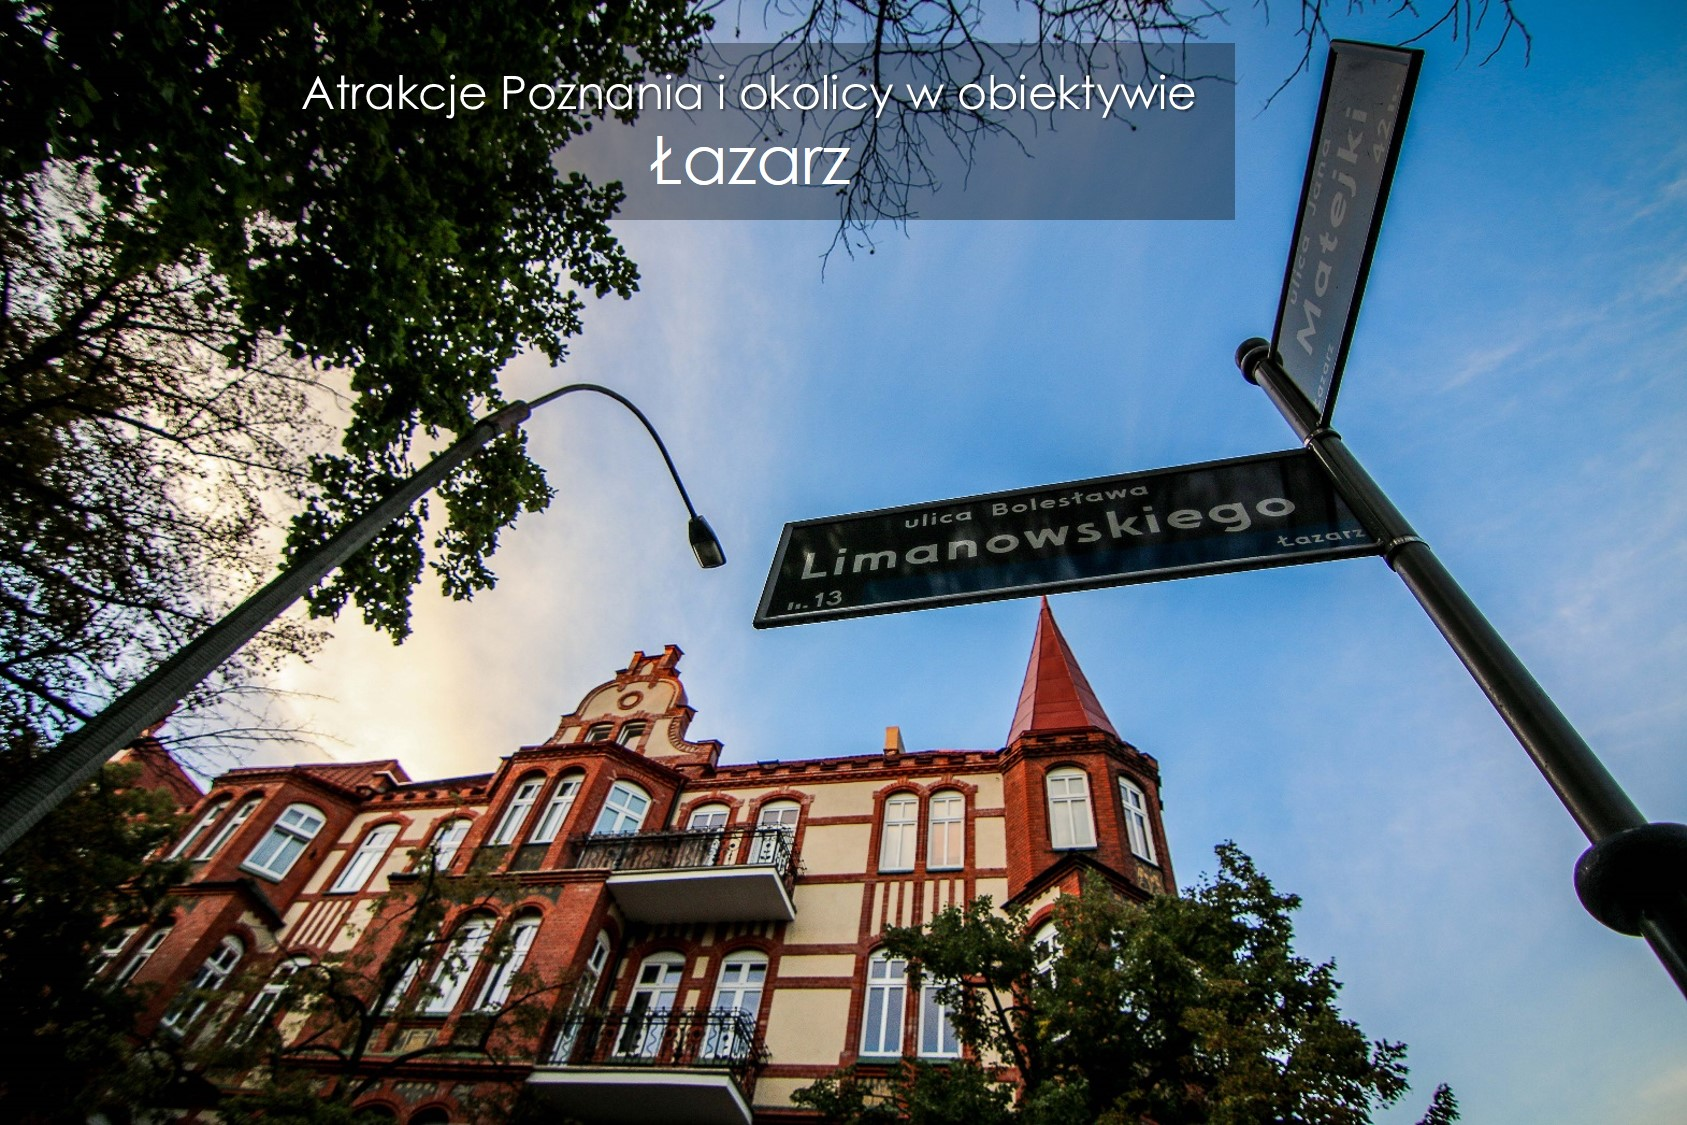 Łazarz1
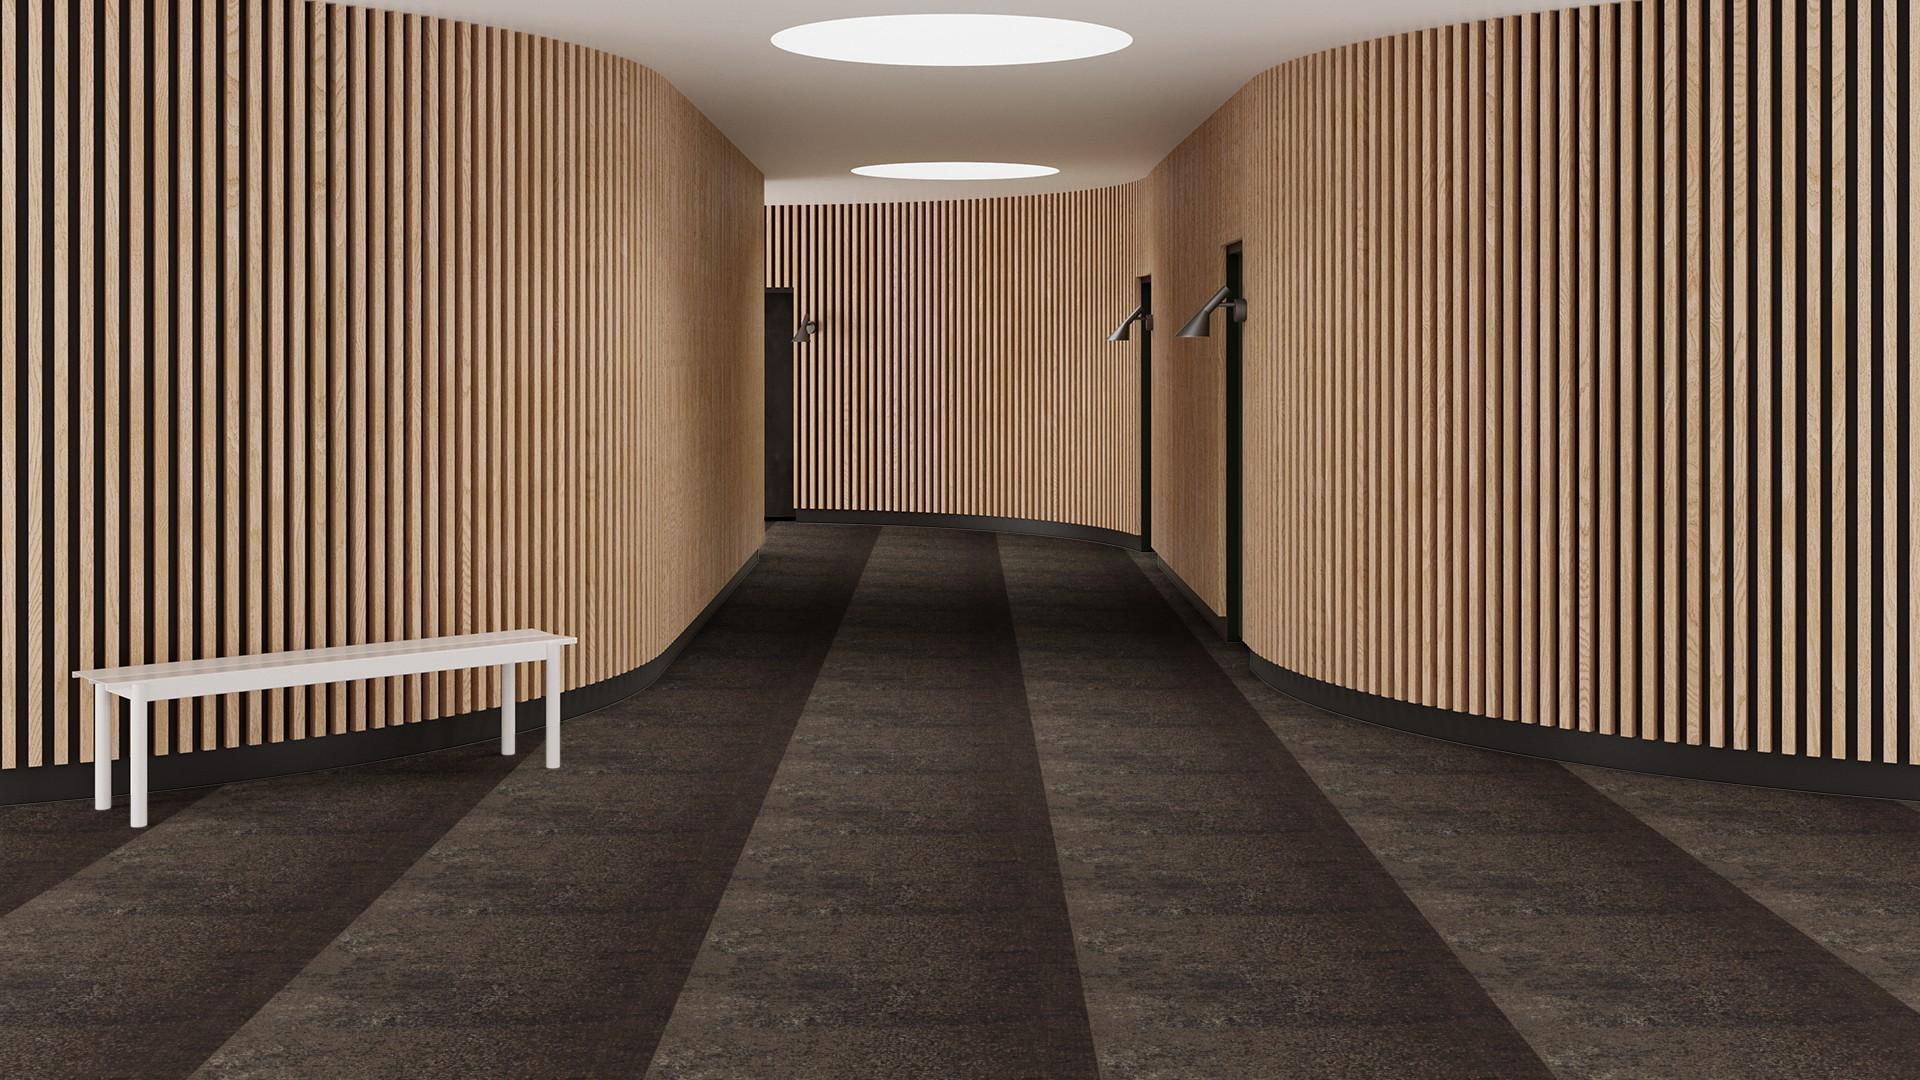 ReForm Construction Concrete Mix light brown/brown 96x96 RoowView 3
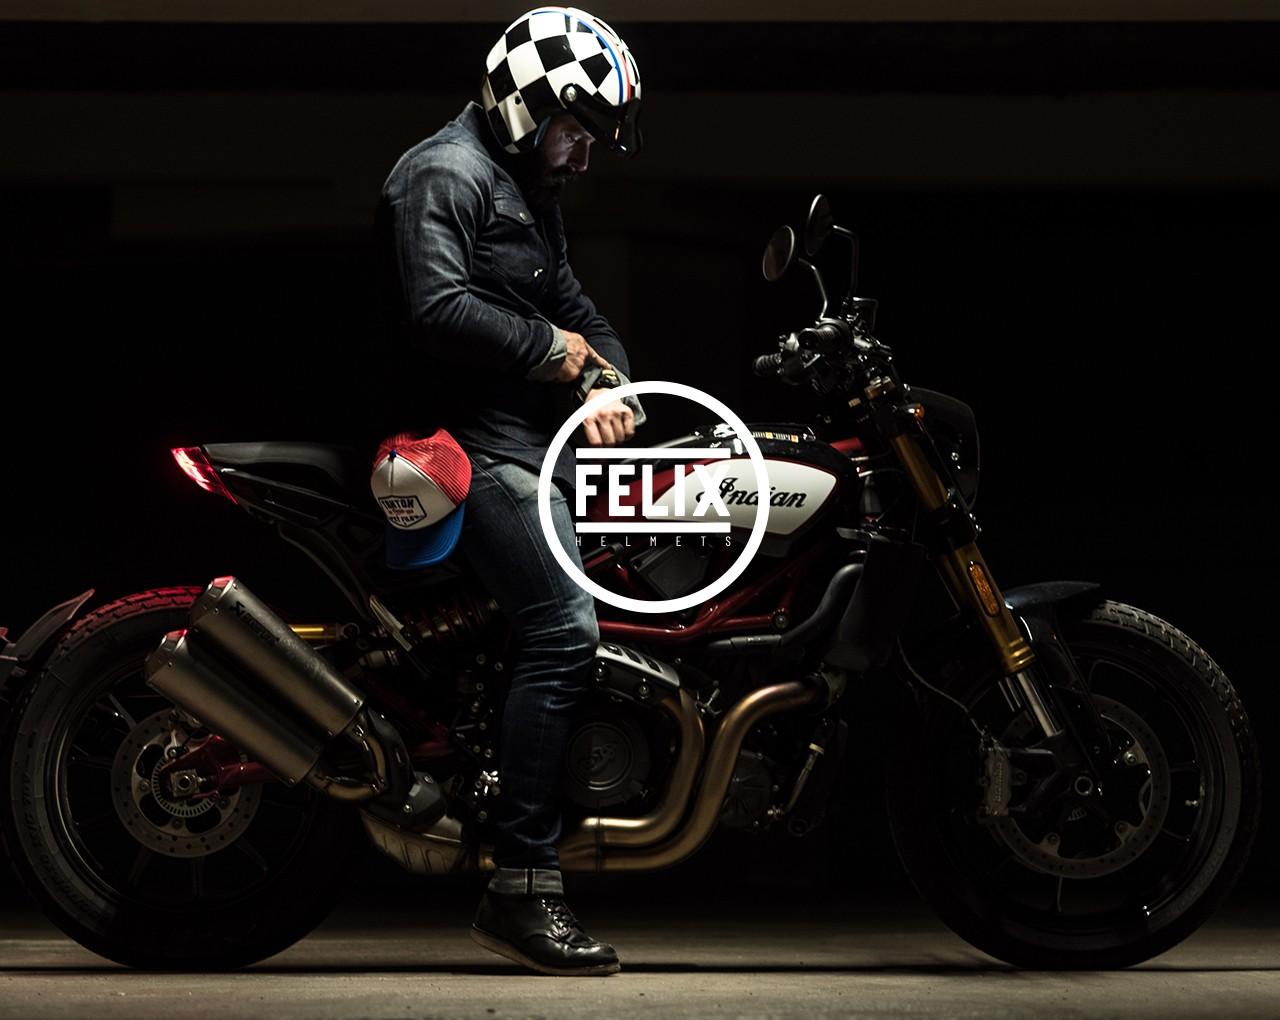 Felix motocyclette

- **PROBLEM**:
Write out the whole listing again, exactly, with no pictures.

- **ANSWER FOR THIS EXERCISE**:
 Łazarz1
 ReForm Construction Concrete Mix light brown/brown 96x96 RoowView 3
 Felix motocyclette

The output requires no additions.